Pinker in a nutshell: "Our dark side is driven by a evolution-based propensity toward predation and dominance. On the angelic side, we have, or at least can learn, some degree of self-control, which allows us to inhibit dark tendencies." (Quote from Robert Epstein, image credit Viking Adult)
As might be anticipated from the list of impugned ideas, Pinker puts himself on the side of "science, reason, secularism, Darwinism and the ideal of progress". He sees himself as an advocate of Enlightenment Humanism. The article stimulating this blog appears in the Comment section of Nature, signifying that the science community in general is willing to promote such views. It is something of a challenge to scientists and historians who take a different approach to these issues, because their scholarship is already undermined by Pinker's labels for them: "the romantic, the religious, the nostalgic and the cynical".
Those who are accustomed to saying that science deals with "How?" questions and religion deals with "Why?" questions have a real problem with Pinker's article, because it appears in a leading science journal and is all about why humans behave the way they do. The philosophical stance of much modern science treats morality, ethics, social behaviour and much else as a sub-set of phenomena in the natural world.
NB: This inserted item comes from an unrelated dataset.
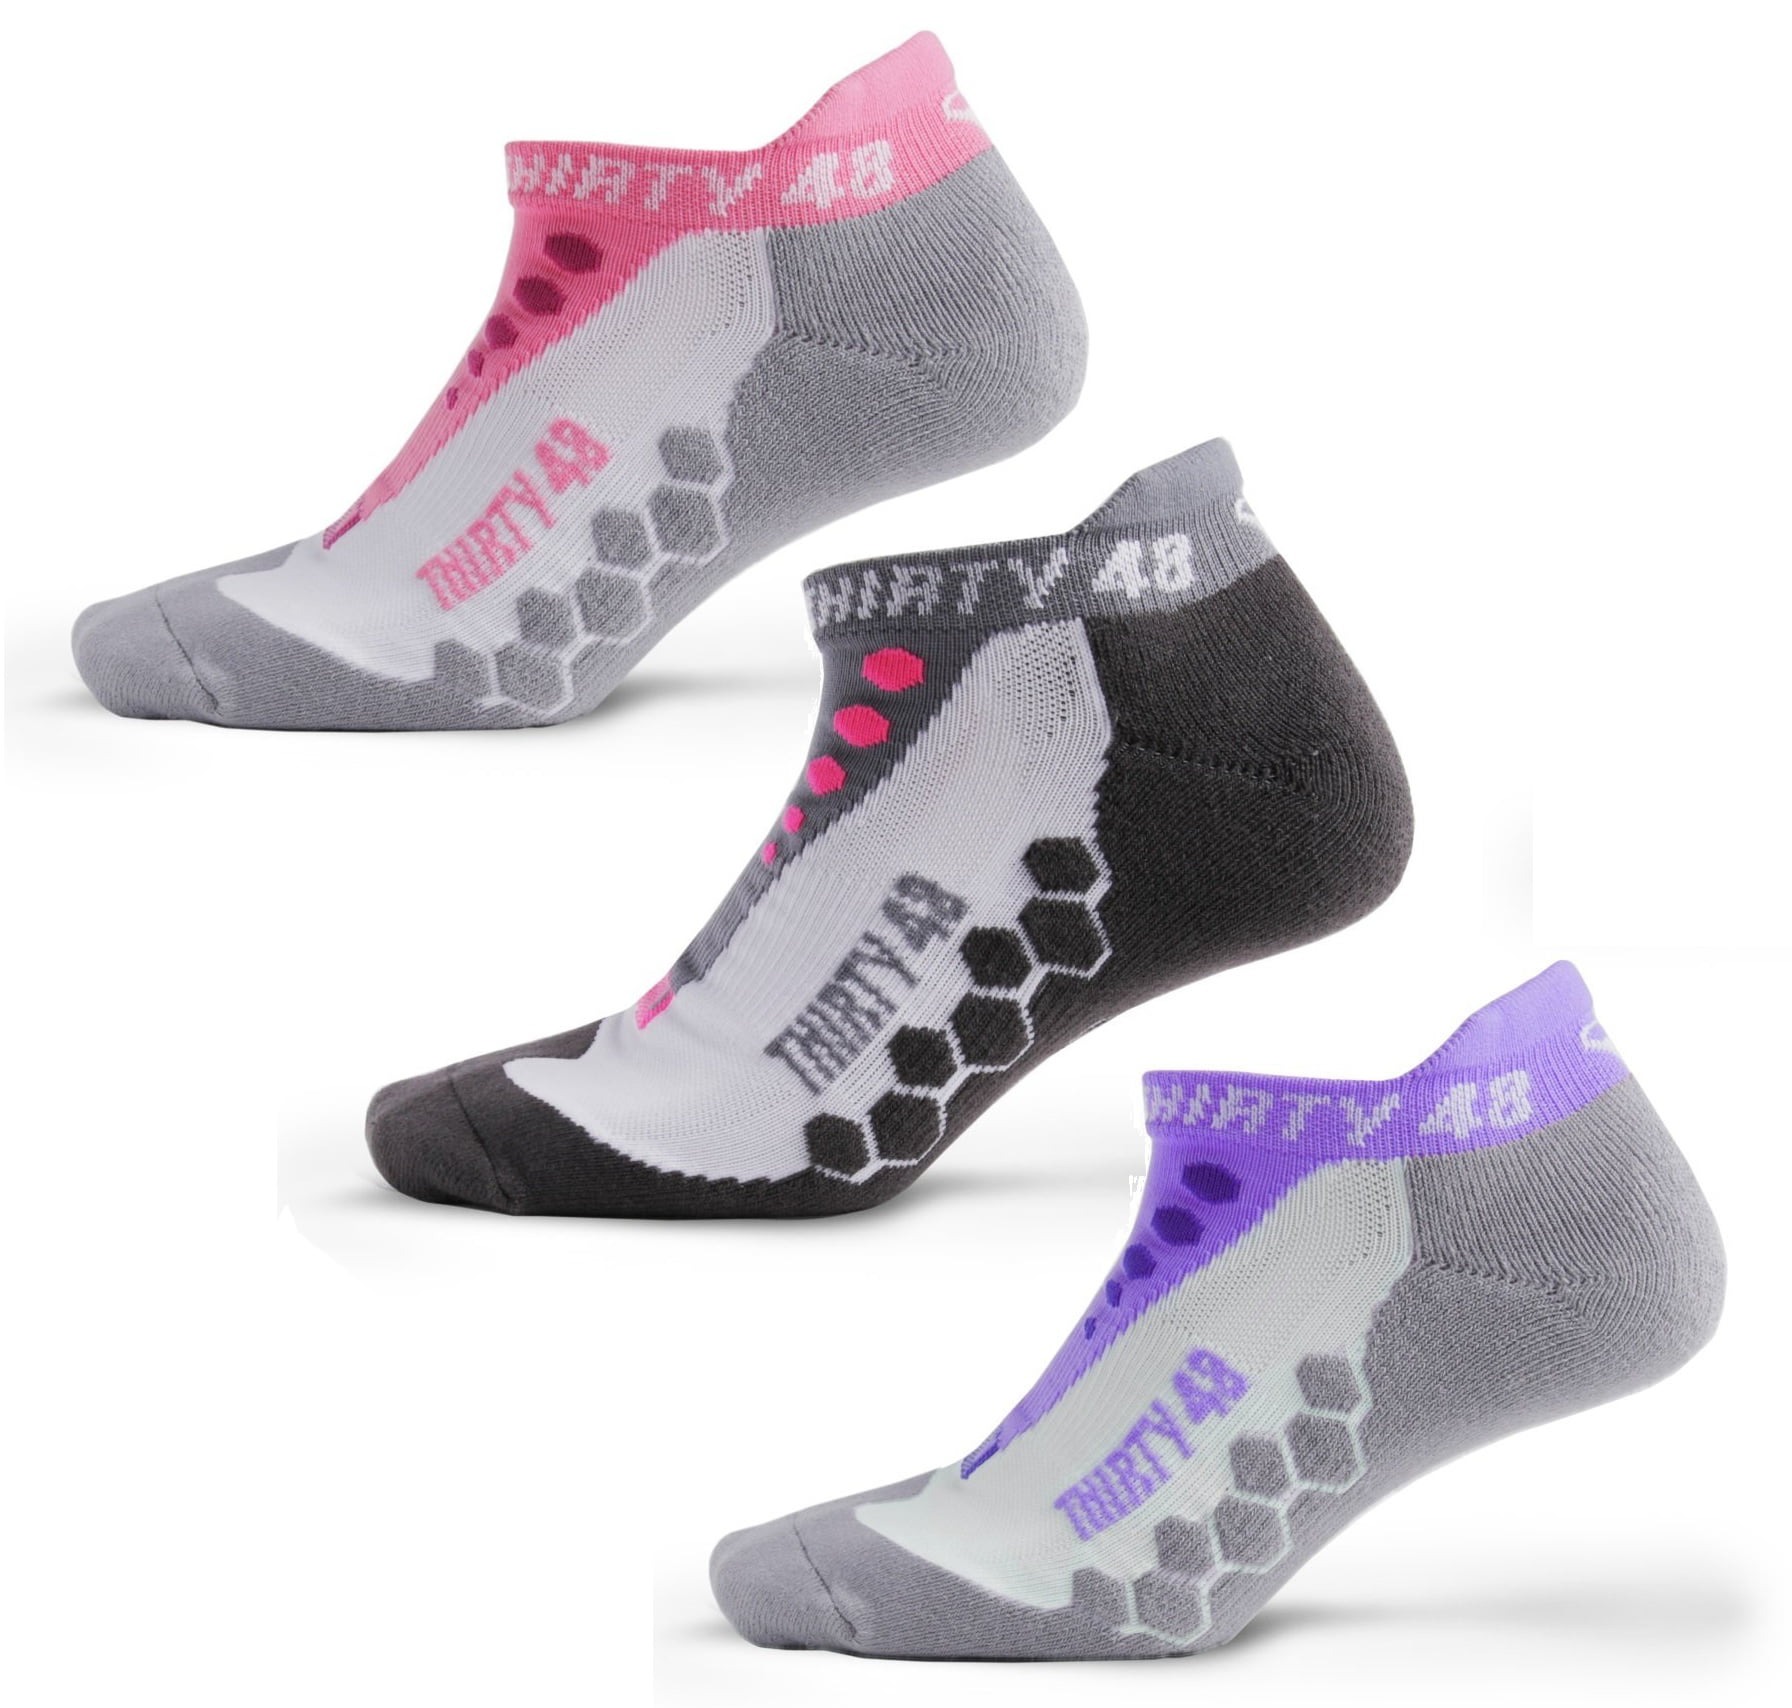 3 Pair or 6 Pair Thirty 48 Thirty48 Running Socks for Men and Women by Features Coolmax Fabric That Keeps Feet Cool /& Dry 1 Pair

The essay in Nature is remarkably light on evidence, although references are provided on the web version and Pinker's new book on this theme makes reference to much relevant data. Undoubtedly, we are not short of data, but the challenge is in selecting relevant data and constructing a robust interpretation of these data. History provides a warning. Before the First World War, there were numerous voices making optimistic noises about the world being bathed in peace. The 1911 issue edition of the Encyclopaedia Britannica carried a prediction by Sir Thomas Barclay that "in no distant future, life among nations" would be characterized by "law, order and peace among men". We look back on that and see it as a cultural relic of the Victorian age, when the idea of progress for civilised society seemed compelling. Such idealism appeared to be swept away by the military ambitions of a highly civilised nation. But in more recent years, the same vision is being promoted. Mueller (2009) is cited by Pinker as a source, and this paper sets out to make the case again for the decline of armed conflict:
"It may be time to revisit the visions and optimism of a century ago and to assess the massive intervening literature on war because we may be reaching a point where war - in both its international and civil varieties - ceases, or nearly ceases, to exist, a remarkable development that has attracted little notice."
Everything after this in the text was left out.